An insanely rich and outrageously addictive dessert!
By: Madhulika Dash
Spain claims it's theirs, Mexicans call their national celebratory dessert, and the British believe their "hedgehog pudding" inspired its invention, so which place does the Pastel de tres leches really belong to?
World War II: Nestle is expanding to Latin America, and to capture the market, the company decides to bring out labels with the tres leche recipe on it. Bringing out labels with the continent's favourite dessert was a gimmick the 1875 established Food Company had mastered in, and with an impressive rate of success.
However, even Nestle, who often claims to have popularised tres leche, couldn't quite estimate the way the dessert would grow in popularity.
While food historians (and writers) give enough credence to the iconic brand for successfully popularising tres leche across continents, when it comes to the parentage of this gooey, soft, rich, soaked-in-milk sponge cake, there has been but ambiguity surrounding this luscious dessert's birth.
"It's like a child with too many fathers," says Chef Vikas Seth of Bangalore-based Mexican restaurant Sanchos about the dessert, who believes that the present form of the dessert developed across the little bake homes in Mexico. One of the best tres leche makers in the country, Chef Seth recipe for the dessert in fact comes from the ports of Mexico, where the dessert is an autumn and winter delicacy and is served in mini bites, much like the tiramisu, topped with Meringue and maraschino cherry.
A general consensus is that tres leche came from Nicaragua, where most of the earlier iterations of the dessert we see today, can be sourced from. There are others who believe that the recipe came from the Tabasco, where the cake batter was poured into a tin of scalding milk, baked and then served on a milk bath, akin to the British 'hedgehog pudding', essentially a sponge cake doused in a bath of sherry and almonds, and served in a moat of custard.
Others believe that it came from Sinaloa in Spain, where a perforated sponge cake was dipped in a milk bath made of evaporated milk, heavy cream and sweet condensed milk. Again, a recipe that could have been inspired by colonial-era recipe for Viceroy's Cake: sherry-drenched layers of cake, custard, fruit, and meringue.
Interestingly, the art of soaking breads (that's how the bread pudding and Tiramisu came) was much prevalent in colonial Europe since the beginning of the 18th century. In fact, the traditional sopa dorada (golden soup), a Portuguese recipe that many believe inspired other cake soaked desserts, finds mention in the 18th-century British cookbook.
Essentially, a dessert made from toasted bread (and later cake) soaked in sugar, white wine, egg yolk and rose water, it eventually led to yet another classic called the bread pudding.
So while it may have happened that some confectioner got inspired and created the tres leche through experiments, it remained a rather expensive affair mostly seen in weddings and celebratory parties.

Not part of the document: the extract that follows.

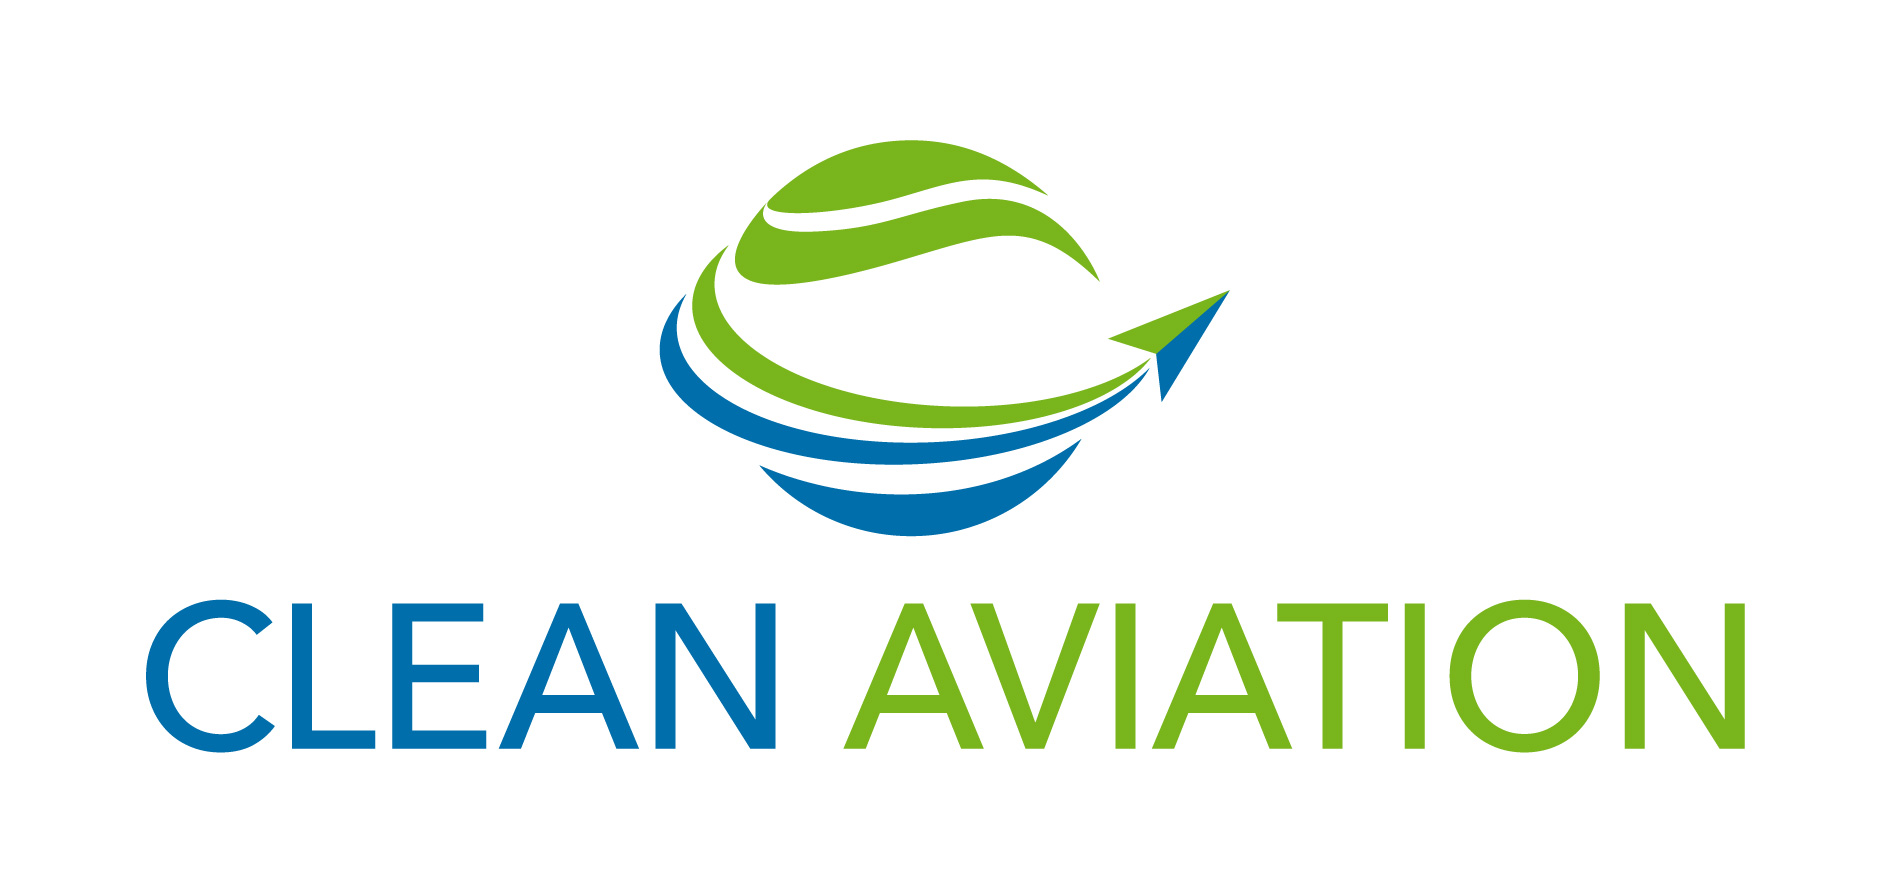 Clean Aviation

What was the reason? While it was extremely light and fluffy, the sponge and the milk bath proportion play an important role in making this sugar crumb, which has a very short self-life.
After baking, the cake needs to rest and then immediately be chilled, a temperature that has to be maintained throughout so none of the milk forms changes nature. This makes it an extremely tricky dessert to handle, and hence the tres leche was often seen as a spa dessert that often moved in high society circle.
The dessert of course was first noticed when it reached Texas in the early 19th century, and with Nestle condensed milk became one of the popular desserts. Of course by then the tres leche had changed the appearance from a naked sponge cake that was served with whipped cream and cherry, the innovative dessert now had a Snow White appearance where the cake was dressed in whipped cream, set atop a milk sauce with an extra serving of sweet condensed milk or chocolate with cherry or glazed strawberries on the side. The mark of a good cake today, according to Chef Seth is that it will maintain the distinct texture of a soft, moist cake in spite of it being soaked in a mixture of three types of milk, overnight
And though it is true that the origin of this popular dessert is still not clear, there is little doubt that the three milk wonder is a descendant of a long and respectable tradition of desserts that routes through Colonial Mexican history to Medieval Europe.